Sam had great advice that I promptly ignored. I kept flipping through reviews, looking at holiday specials, maniacally typing on laptops at retail locations in search of a digital love match. When would my fingers gently caress the right keyboard and ignite a passionate flame of creativity that the machine made visible? The dithering, I knew, seriously hampered creativity. After all, I can't write if I can't find the right tool, right? I had a ready-made excuse for double-barreled procrastination. No laptop, no writing, what could be better?

Finally, the reading and store visits and consultations with friends reached the saturation point. Unless a fully configured laptop fell out of the sky and bonked me on the head, I would have to make a decision. Or not make a decision and live with the consequences and the vain hope of writing on my desktop before or after my long work day.

I found myself cycling back to Staples, long my go-to source for office supplies. The website listed SSD laptops with 14-inch screens, with the added benefit of using Windows 7, rather than the hip and trendy Windows 10, which I've never used. The refurbished Lenovos started looking good. The price range was fine, and I knew Lenovos inside and out because that's what I use at work,
I was ready to make a decision.

(Harlem-125th Street, I'm feeling productive this morning.)

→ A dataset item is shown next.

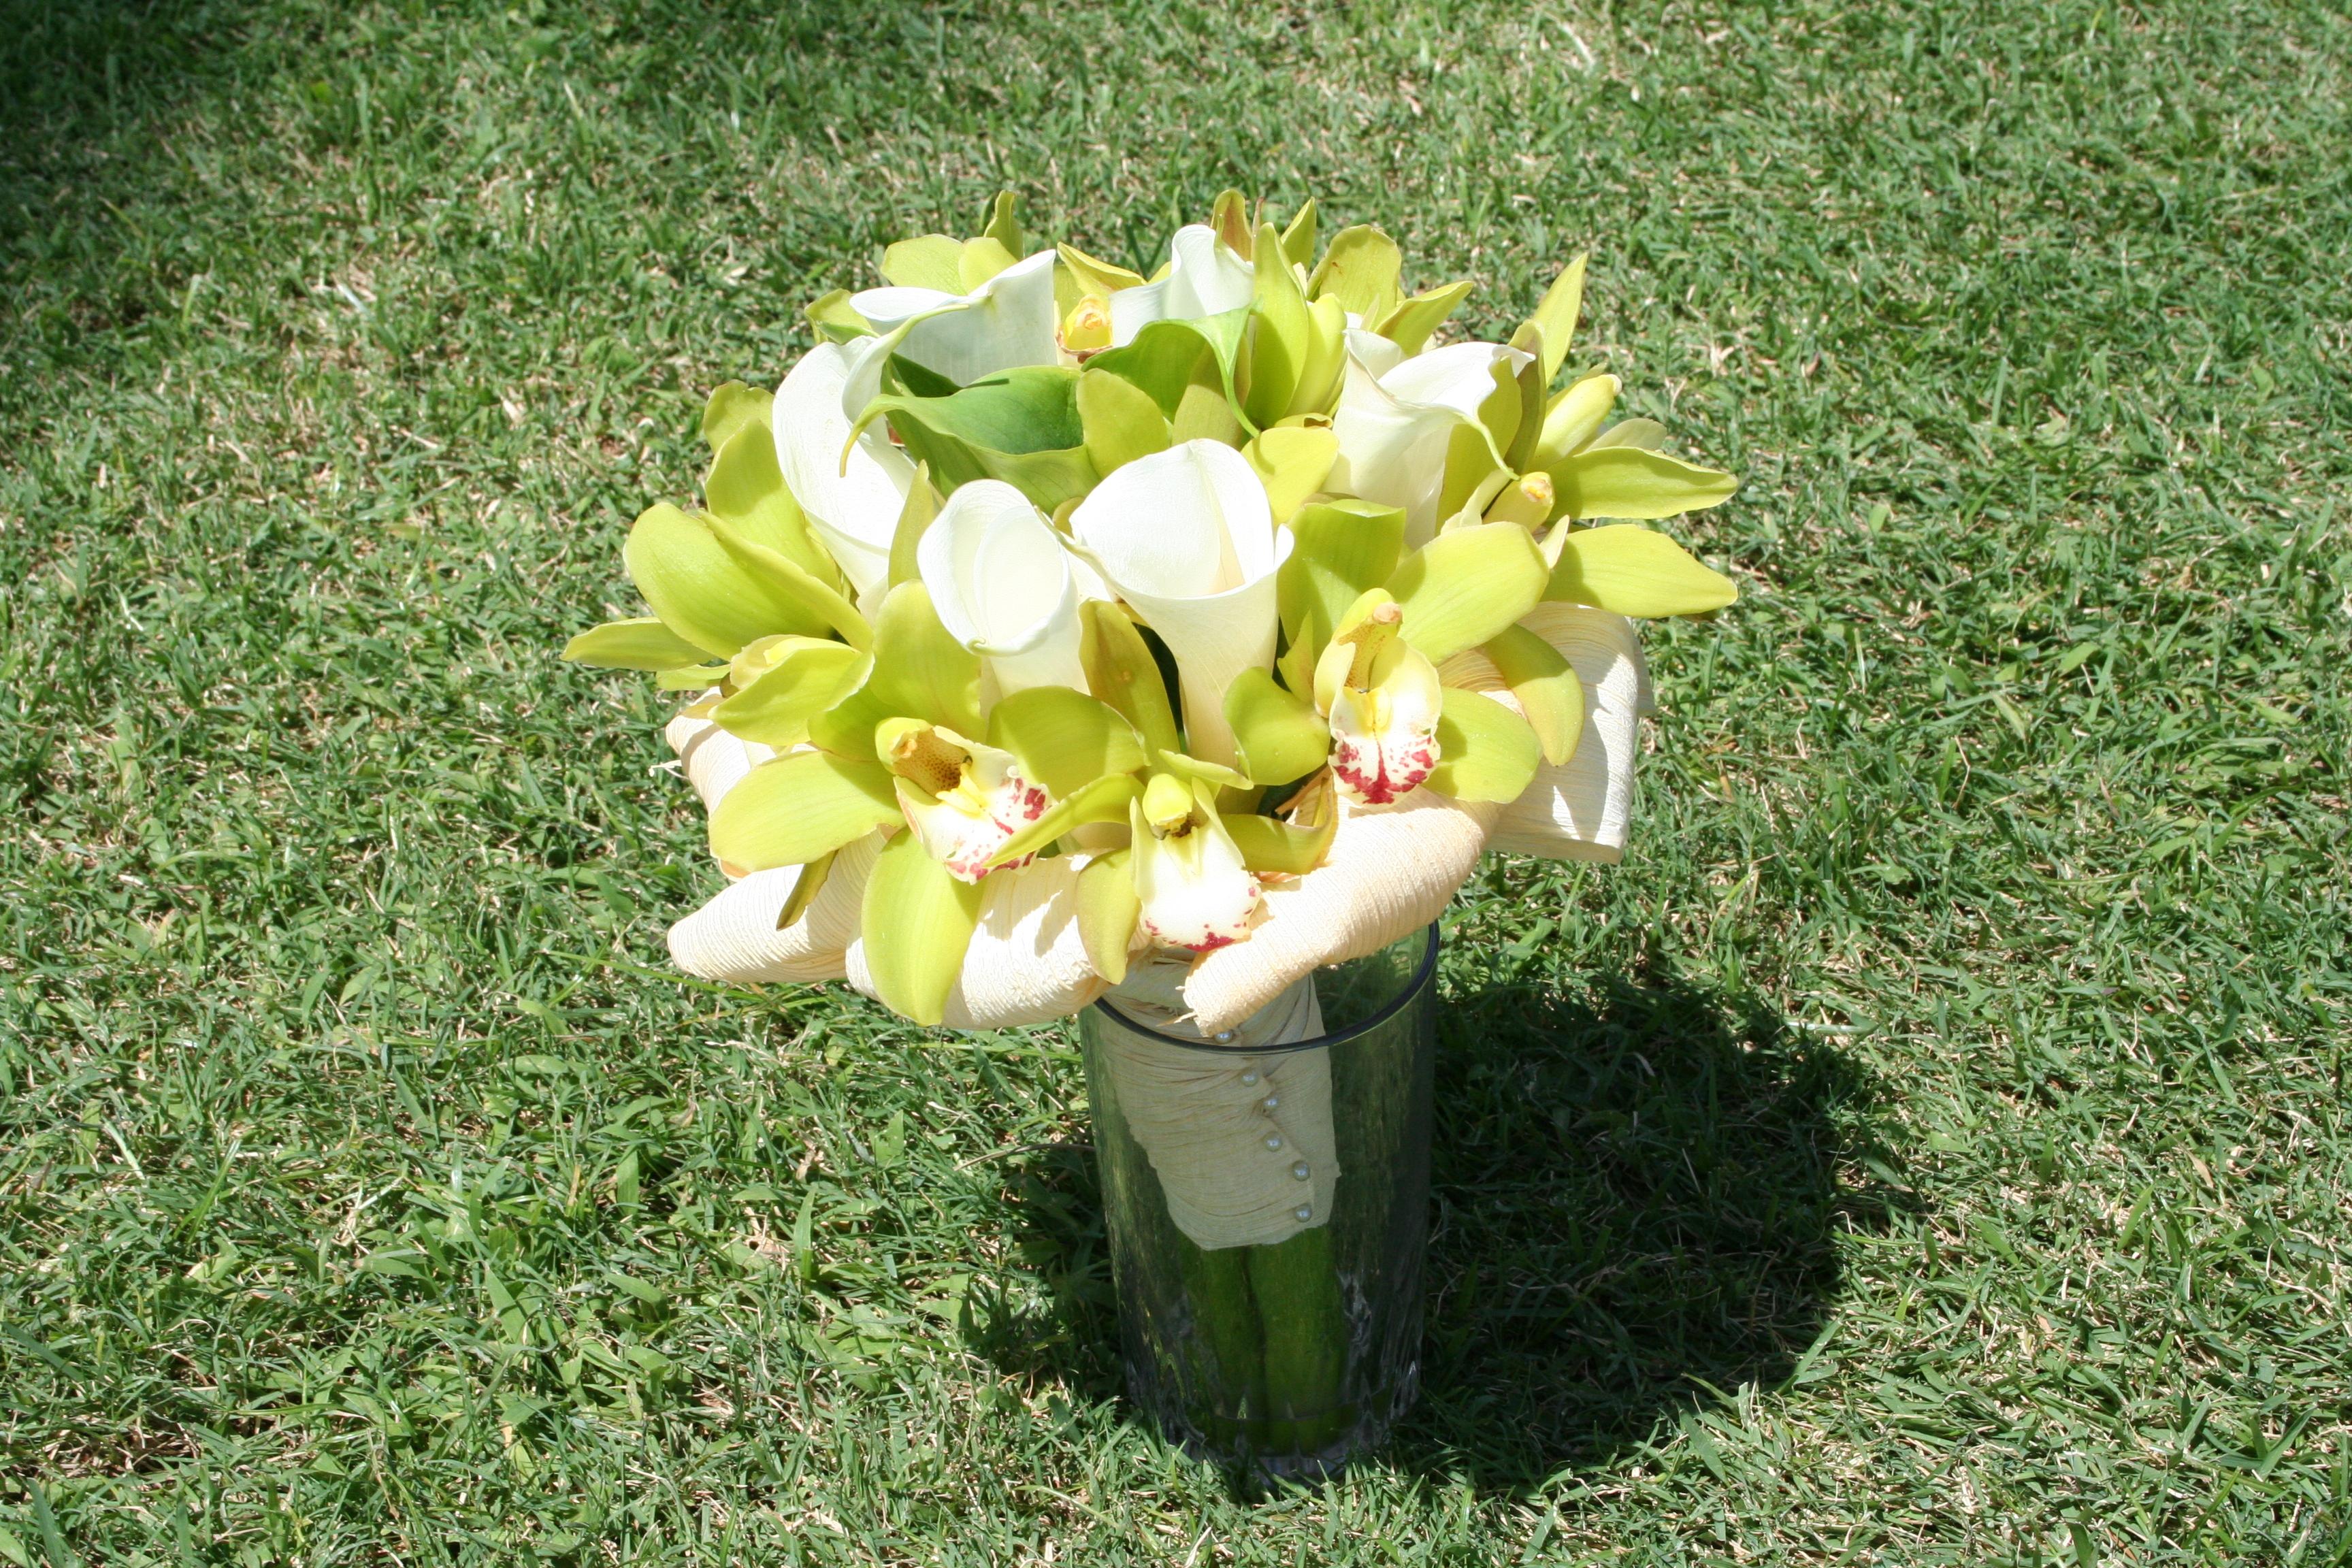 Flowers & Decor, white, green, Bride Bouquets, Flowers, Bouquet, Orchid, Tropical, Unique, Floral, Designer, Design, Florist, Maria, Masterson
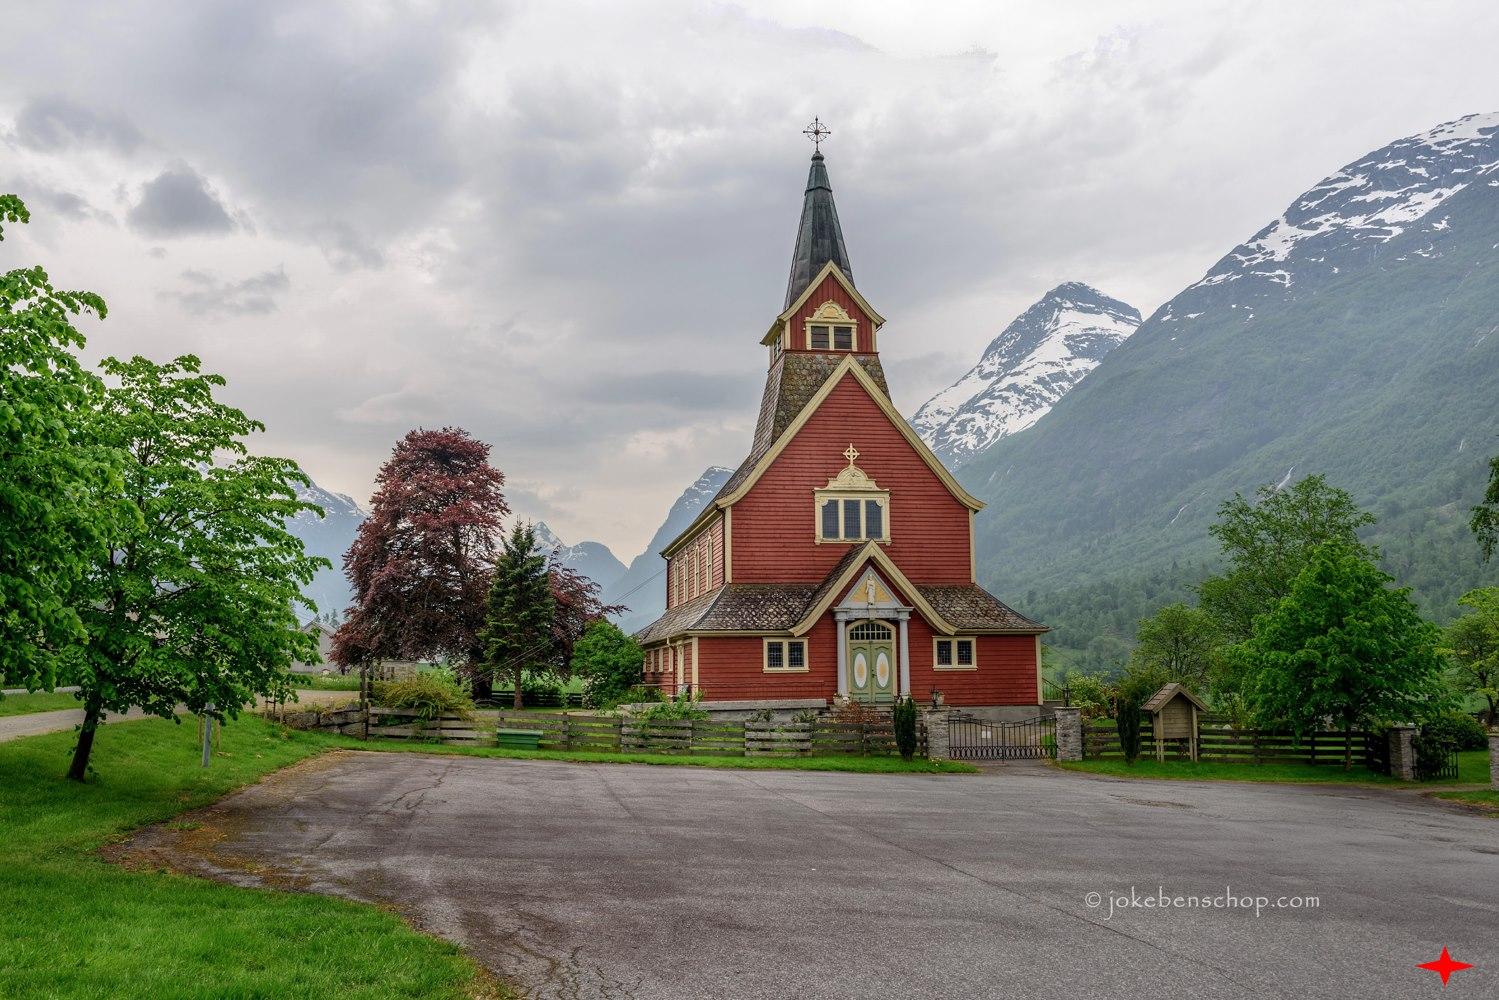 Kerkje in Olden Noorwegen

Then I took a final (in)sanity check by reading the Lenovo reviews on the Staples website. They were mostly good, but a consistent concern was battery life. Given I would use the laptop on the train, I wanted a battery that could at least get me to Manhattan and back. This drove me to look at the Dell laptops. The Staples commentariat were uniformly positive.

Then I started wondering, maybe I should step up to new Dell, get the latest bells and whistles, whatever those are, rather than opting for a behind-the-curve refurbished model. I wrote down a model number and headed to a suburban Staples to look at the shiny laptop. But with the 15.6 inch screen, I knew it just wouldn't be feasible. After all, I was looking for a machine upon which I could write and get web access, not watch TV or play games.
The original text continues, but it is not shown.